La injerencia de este tema en la problematica del ser del hombre ha merecido que se convierta en temática de otras disciplinas además de la teológica, por ejemplo tratado como „alienación“ o como „desesperación“. Y es sintomático que desde la perspectiva de la intención o la de la concresión, de la subjetividad o de la realidad objetiva del pecado, en esta diferencia de criterios pueda advertirse ya un un esbozo de las grandes polémicas entre el realismo metafísico y el subjetivismo o idealismo anti-metafísico que caracteriza a la filosofía Moderna y alcanza incluso el ámbito de las ciencias en la reflexión contemporánea.



[1] S. Agustín, Civ. Dei., XIII, 21.

[2]   ibid., XIV, 13.

[3]   Pedro Abelardo, Ethica, III, in princ.

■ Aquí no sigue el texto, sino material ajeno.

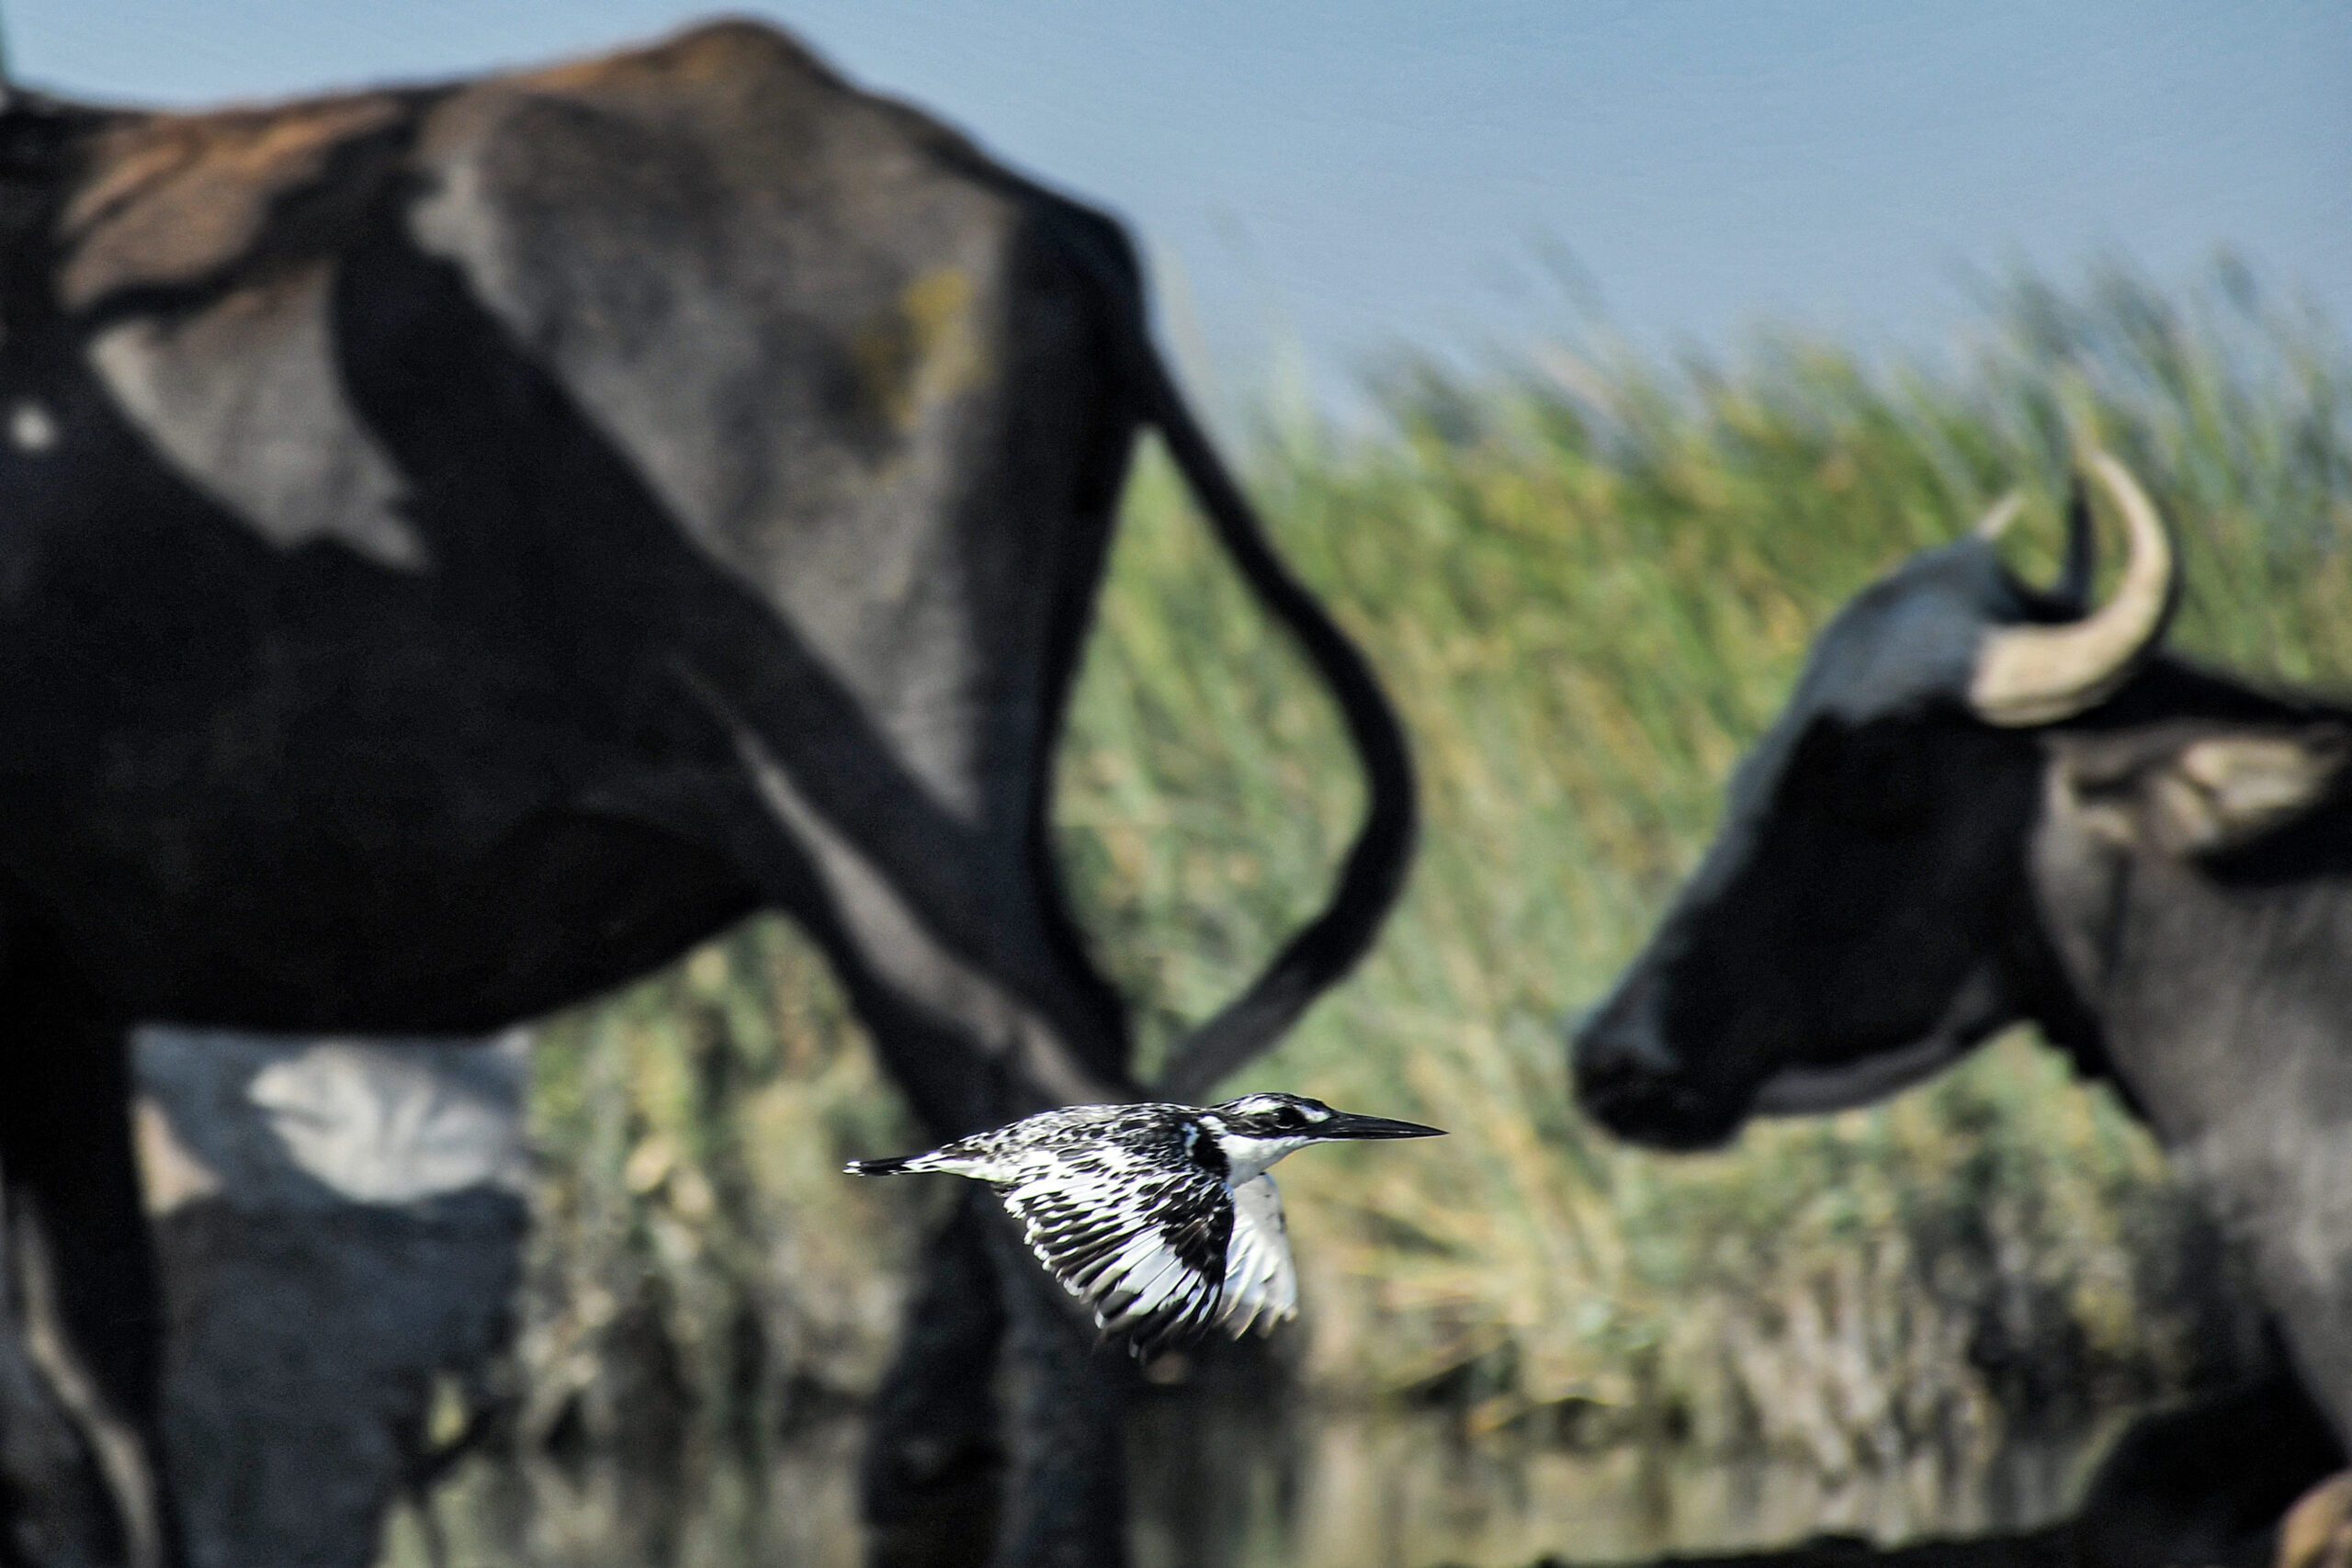 A black and white bird in mid-flight with buffalos behind

[4] Cfr. Agustín, Lib. arb., I, 3.

[5] Civ. Dei, XIV, 2-3.

[6] Cfr. Trin., IV, 18.

[7] Cfr. Lib. arb., II, 12, 33.

[8] Cfr. Lib. arb., I, 1, 2.

[9] Ethica, III.

[10] ibid.

[11] Rom., 7, 15-21.

[12] Sum. Theol., I-II, 21, 4 ad 1.

[13] En Lib. arb., I, 16, 34, Agustín dice „ ...nulla re de arce dominandi retoque ordinem mentem deponi, nisi voluntate“. Entiendo en este pasaje que la voluntad es el móvil de la acción, pero que el real „apartarse del camino“ se produce en el hecho. Podría decirse que con la sola voluntad de apartarme no me he apartado todavía, sino hasta que es voluntad no sea realizada. Cfr. asimismo J. Pieper, El concepto de pecado, Herder, Barcelona (1986), cap. IV.

[14] Cfr. Adam, M.M., „Sin as uncleanness“, en: J.E. Toberin (ed.) Philosophical Perspectives 5: Philosophy of Religion, Atascadero, CA: Ridgeview Publishing (1991).

[15] Sum. Theol., I, 116, 2 ad 3: „Ordo non est substantia, sed relatio“.

[16] Lib. arb., I, 6, 15.

[17] Cfr. Civ. Dei., XIII, passim.

[18] Lib. arb., III, 13, 38. Cfr. E. Gilson, El espíritu de la filosofía medieval, Rialp, Madrid (1981), p. 299.

[19] Cfr. artículo „Sünde“ en el Taschenlexikon Religion und Theologie, Digitale Bibliothek, Vanderhoeck & Ruprecht, Berlin (2002).